What does this mean? So, could the algo trade only ETFs, and then you would determine the stocks in the ETFs to see that the requirement of "at least 100 assets in the QTU" is met? Or would one have to trade at least 100 stocks in the QTU, and then on top of that, some ETFs could be traded? Or did you mean something else?

I don't want to say too much about how the uniqueness score is computed, and you shouldn't use it in the optimizer

I guess you have your reasons, but I'd think it would be the perfect thing to use in an objective function for portfolio optimization. What's the point in doing it manually; that's what we have computers for, right?

You can deviate from a market neutral portfolio – there is no hard and fast "fail" threshold.
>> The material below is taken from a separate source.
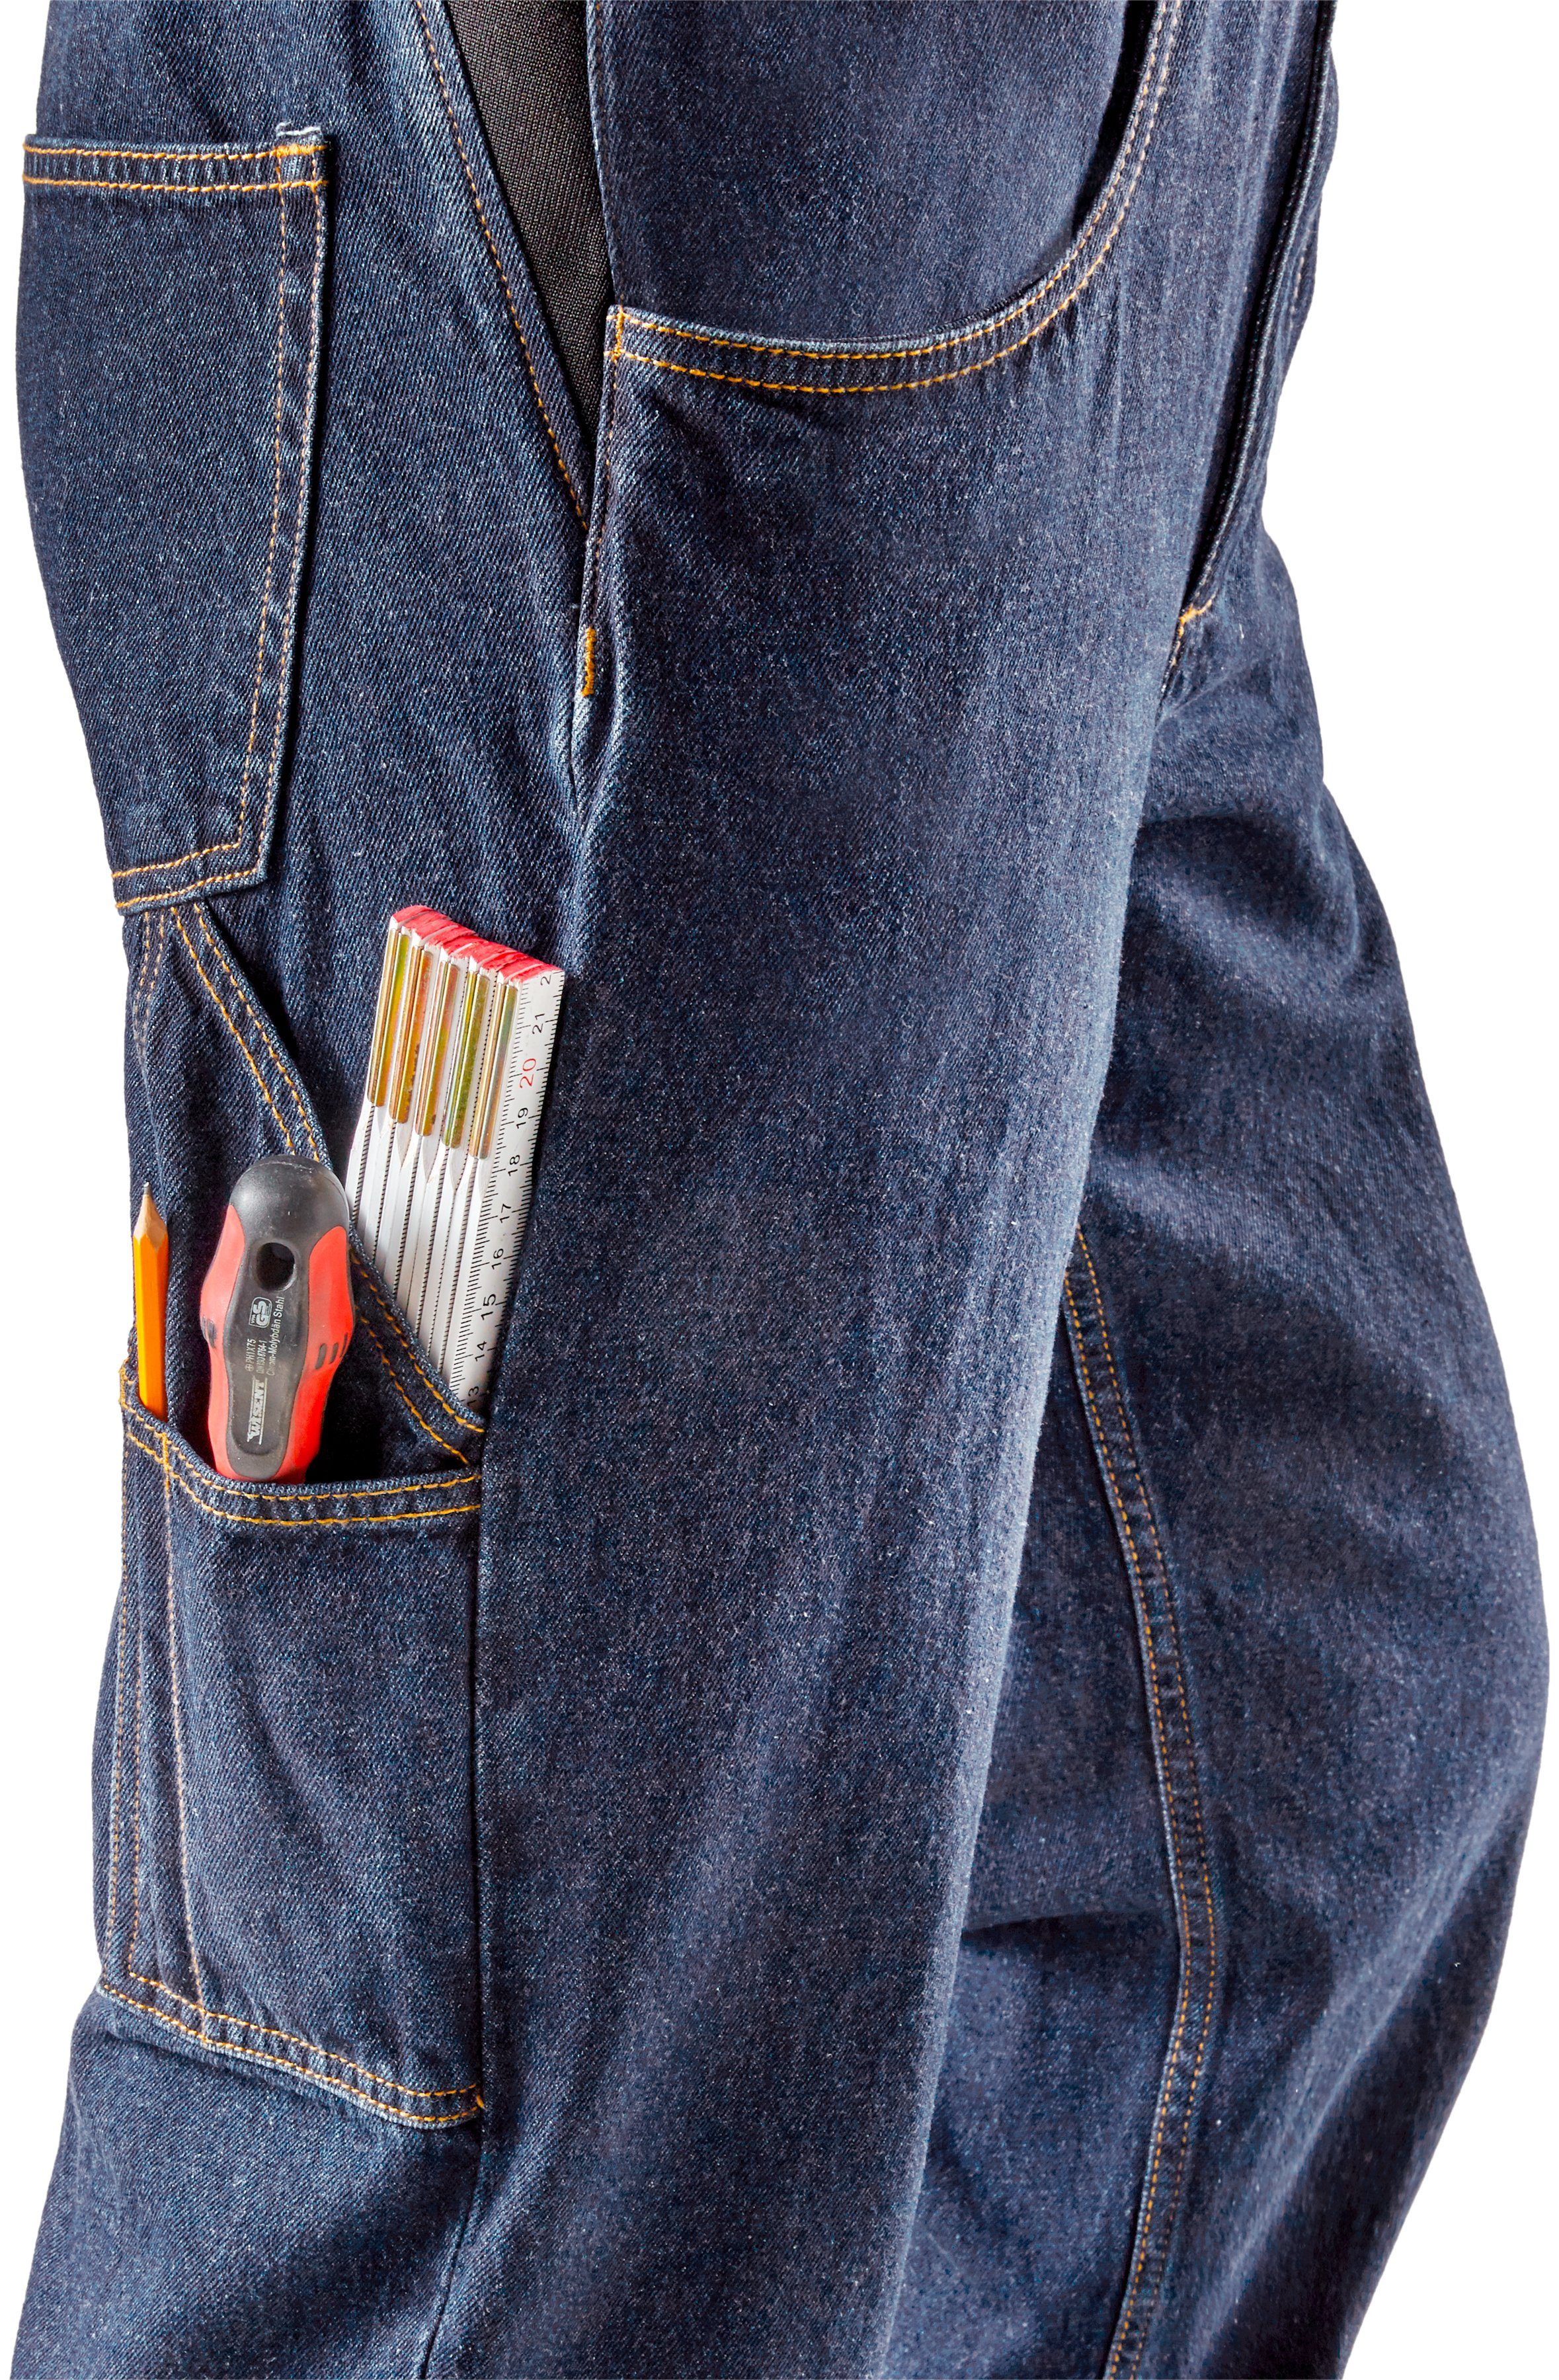 Country robuster Jeans (aus Latzhose Taschen, 11 dehnbarem Northern mit und Worker langlebig fit) Baumwolle, Bund, strapazierfähig 100% comfort Jeansstoff,
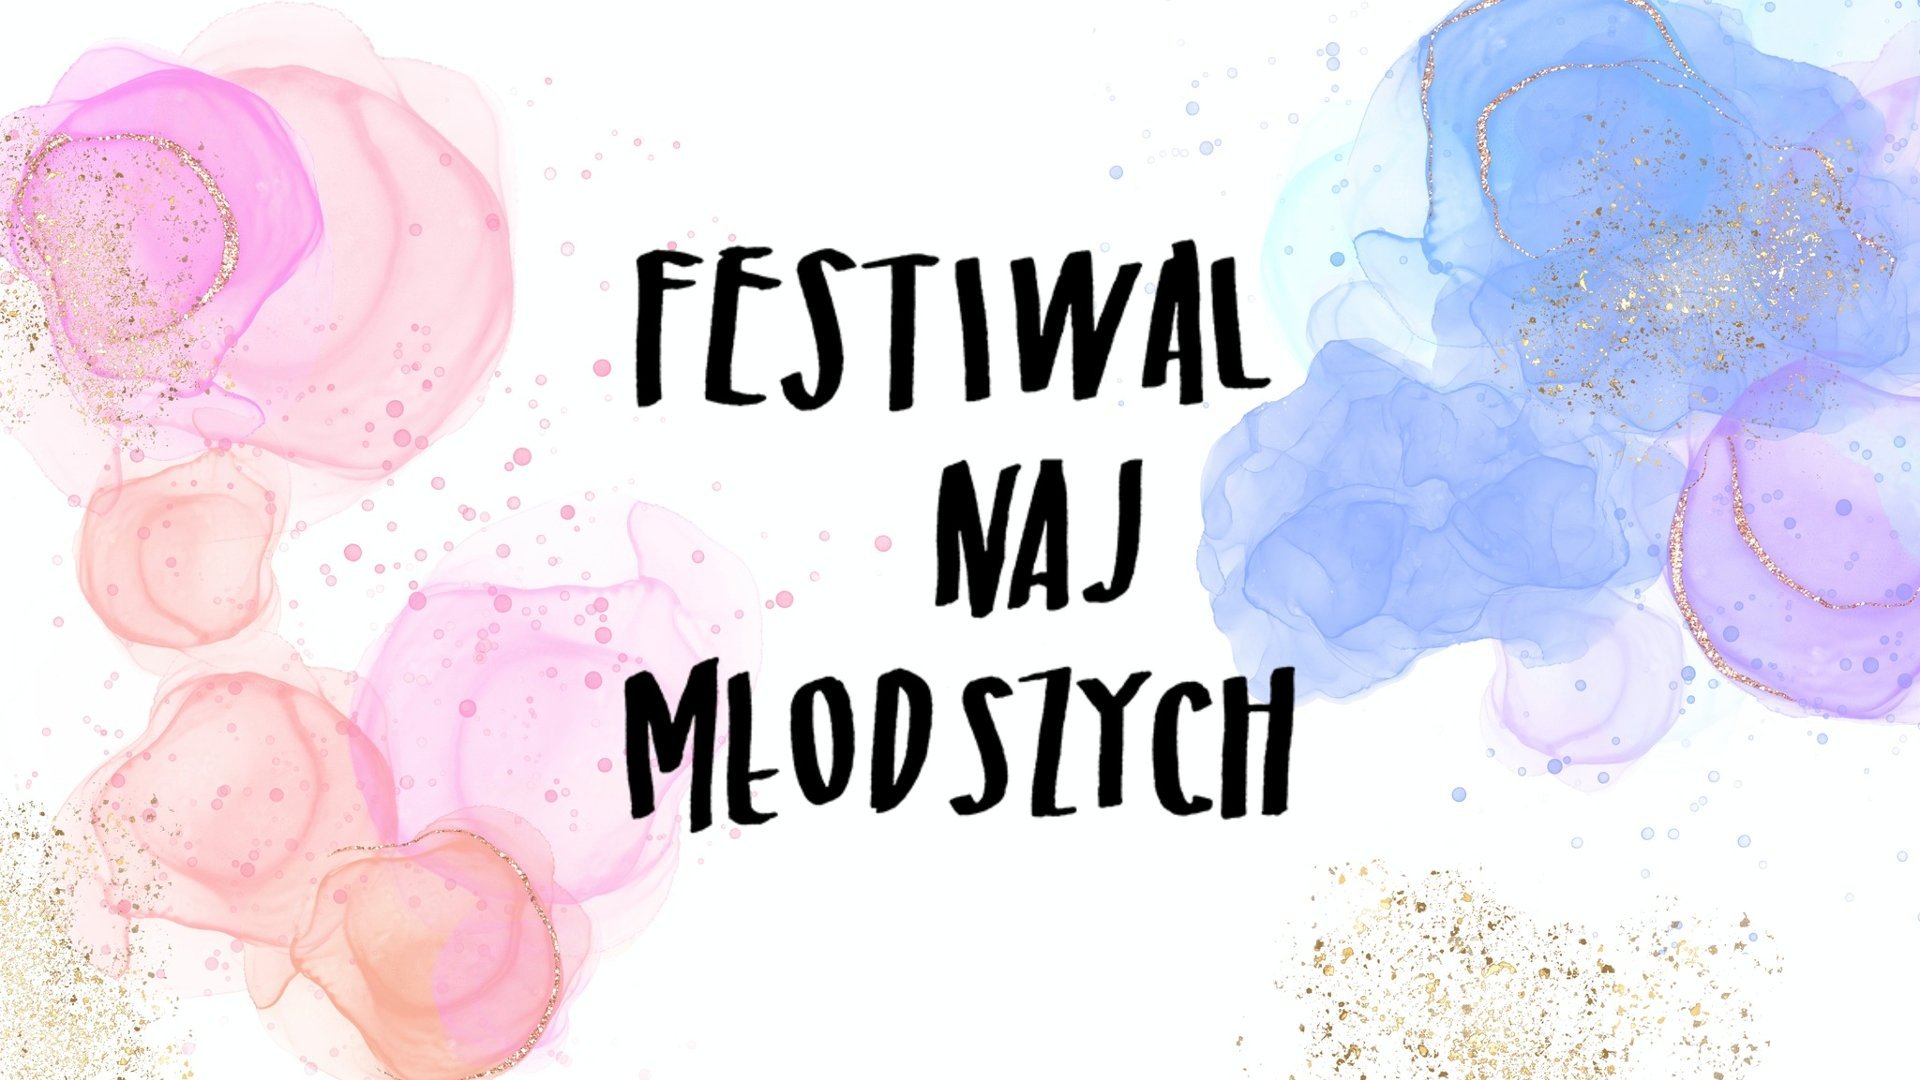 Plakat z napisem "Festiwal najmłodszych" oraz kolorowymi chmurkami dookoła

However, your average beta-to-SPY over a < 4-week period should probably average out to 0.

Well, 4 weeks isn't very you are saying you want market-neutral as a requirement, as I see it. I suggest you add this to your post.

What about dollar neutral? Long-only? Short-only? Anything in between? I think you are saying that dollar neutral is not a requirement.

One suggestion would be to use the requirements you've already laid out on, and then describe which of those pertain as-is, which ones are different for this challenge, and which additional requirements have been added. Putting things in a table is sometimes helpful.

we will implement a strategy in cohesion with many other strategies

How are you combining strategies? Specifically, I'm wondering if you use directional (long/short) information, or if you convert to unsigned scores? For example, say one submitted a short-only strategy. Would it then need to be combined with a long-only strategy to achieve dollar neutrality?

Or are you using the end-of-day positions as alpha factor scores, per the definition on :

An alpha is an expression, applied to the cross-section of your universe of stocks, which returns a vector of real numbers where these values are predictive of the relative magnitude of future returns.

In other words, you throw out the directional information, and are just interested in the relative scores across the universe.

Is there any relevance that the source of capital is "a large US corporate pension fund" or is this just promotional information?

I find it a bit surprising that the pension fund would be interested in excluding exactly the same common returns factors as Quantopian? Please explain.

I gather that Quantopian will not be offering algos for direct investment by the pension fund, but will somehow be combining them, and potentially offering a single investment. It would be interesting if you could elaborate on what you intend to offer.

Any idea if ETFs are allowed in the Third-Party Challenge?

I’ve confirmed that ETFs are ok but one still needs to hold at least 100 stocks in the QTU. Does anyone understand why the pension fund would care about having a certain number of stocks, and from the QTU?

Maybe someone from the pension fund can speak to this?